Cr Yam said the solutions needed “to be longer term”, such as housing assistance and mental health services to provide meaningful support for the town.

He did not want to talk about the October incident for cultural reasons but said the town was suffering ongoing mental health issues in the aftermath of the tragedy.

“People don't just heal overnight or in a couple of weeks, it takes years to heal people from trauma,” he said.
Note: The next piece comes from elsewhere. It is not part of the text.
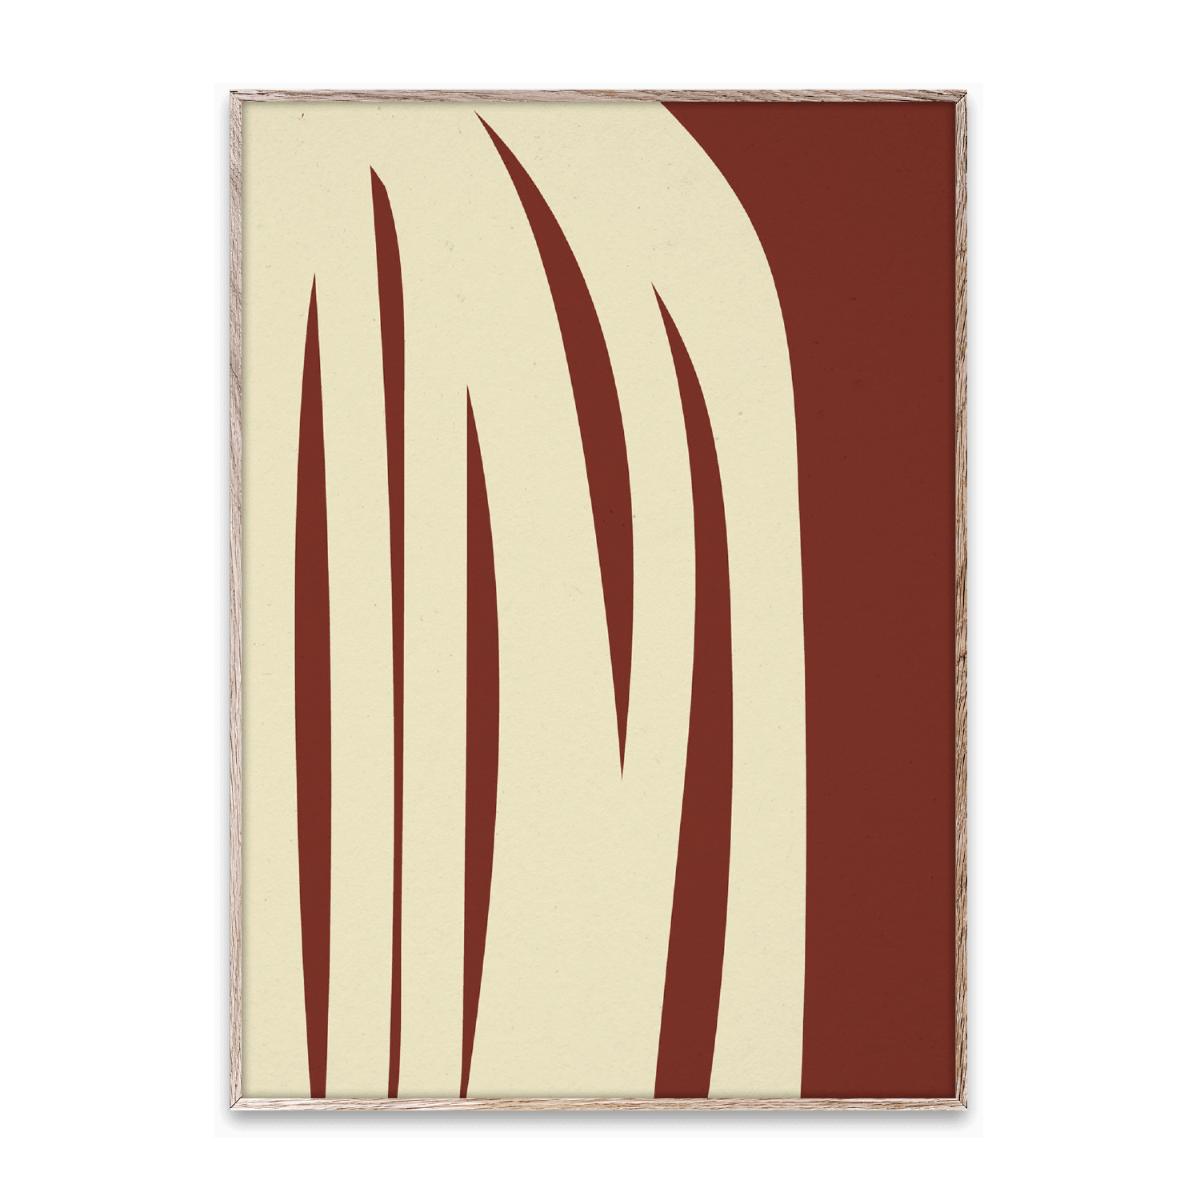 Designtorget Poster Stacked Lines 02 50x70 cm

“It’s all okay to have everyone here at the time supporting us and that was good, we thank everyone for doing that, but it’s the long term - that’s when it really hurts people, in the long term.”

Torres and Cape Hospital and Health Service chief executive, Mr Michel Lok, said in a statement that the organisation: “Has been in close discussions with community and family representatives at Kowanyama to ensure their needs for appropriate support are being met.”

However, the social worker flown in this week will only be in Kowanyama for one week before being replaced by a mental health clinical nurse the following week only.

These two additional staff members will work alongside an existing permanent mental health clinical nurse who travels to Kowanyama each week and remains in the community for four days.

The Torres and Cape Hospital and Health Service could not confirm whether these additional staff resources would be ongoing, but said they: “Will continue to monitor the situation and provide additional resources and support if and as required by the community.”

Health Minister Cameron Dick said on Friday he would be writing to the federal health minister requesting a review into the health services available in Kowanyama.